Un’ulteriore implicazione clinica del passaggio dalla depressione alla mania nei pazienti con disturbo bipolare è che seguire un andamento della depressione prima della mania (rispetto alla mania prima della depressione) è associato a risposte meno favorevoli agli agenti stabilizzanti dell’umore. Questo predice un eccesso di futuri episodi di depressione, con rischi associati di abuso di sostanze, disabilità e mortalità in eccesso da suicidio o, più tardi, una malattia medica intercorrente.5,6

Dal Consorzio internazionale per la ricerca sul disturbo bipolare, con sede a McLean Hospital e Harvard Medical School, Boston.

1. Offidani E, Fava GA, Tomba E, Baldessarini RJ. Aumento eccessivo dell’umore e attivazione comportamentale con trattamento antidepressivo dei disturbi depressivi e d’ansia giovanili: revisione sistematica.

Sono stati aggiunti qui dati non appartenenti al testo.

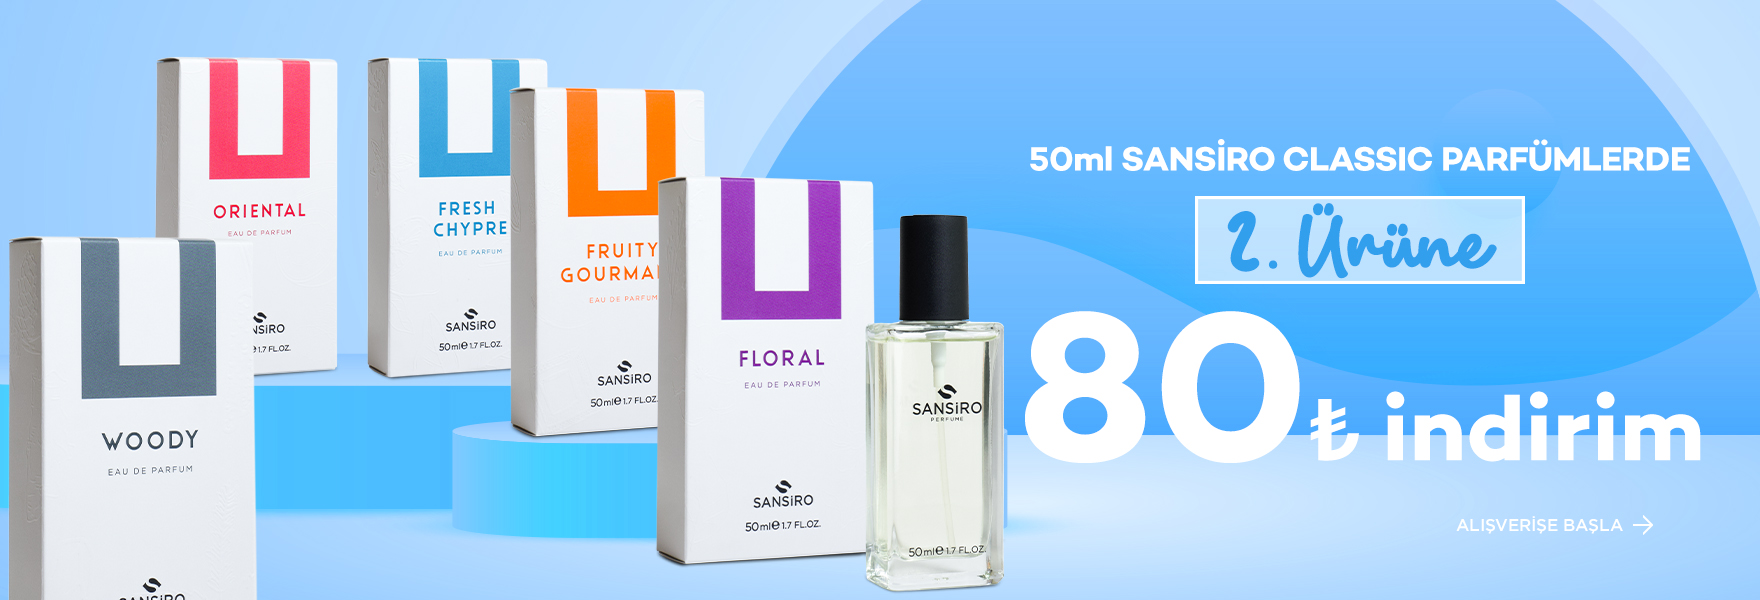 50ml Sansiro Classic Parfümlerde 2. Ürüne 80 TL İndirim

Psychother Psicosom. 2013;82:132-141.

2. Baldessarini RJ, Faedda GL, Offidani E, et al. Antidepressivo-associato mood-switching e la transizione da unipolare depressione maggiore al disturbo bipolare: una revisione. J Influenza disturbo. 2013;148:129-135.

3. Tondo L, Vázquez GH, Baldessarini RJ. Mania associata al trattamento antidepressivo: revisione meta-analitica completa. Acta Psychiatr Scand. 2010;121:404-414.

4. Baldessarini RJ. Chemioterapia in psichiatria. 3a ed. New York: Springer Press; 2013.

5. Koukopoulos A, Reginaldi D, Tondo L, et al. Sequenze di decorso nel disturbo bipolare: depressioni che precedono o seguono manie o ipomanie. J Influenza disturbo. 2013;151:105-110.

6. Il nostro sito utilizza cookie tecnici e di terze parti. Polarità predominante di ricorrenza fra 928 pazienti internazionali adulti di disturbo bipolare di I. Acta Psychiatr Scand. 2012;125:293-302.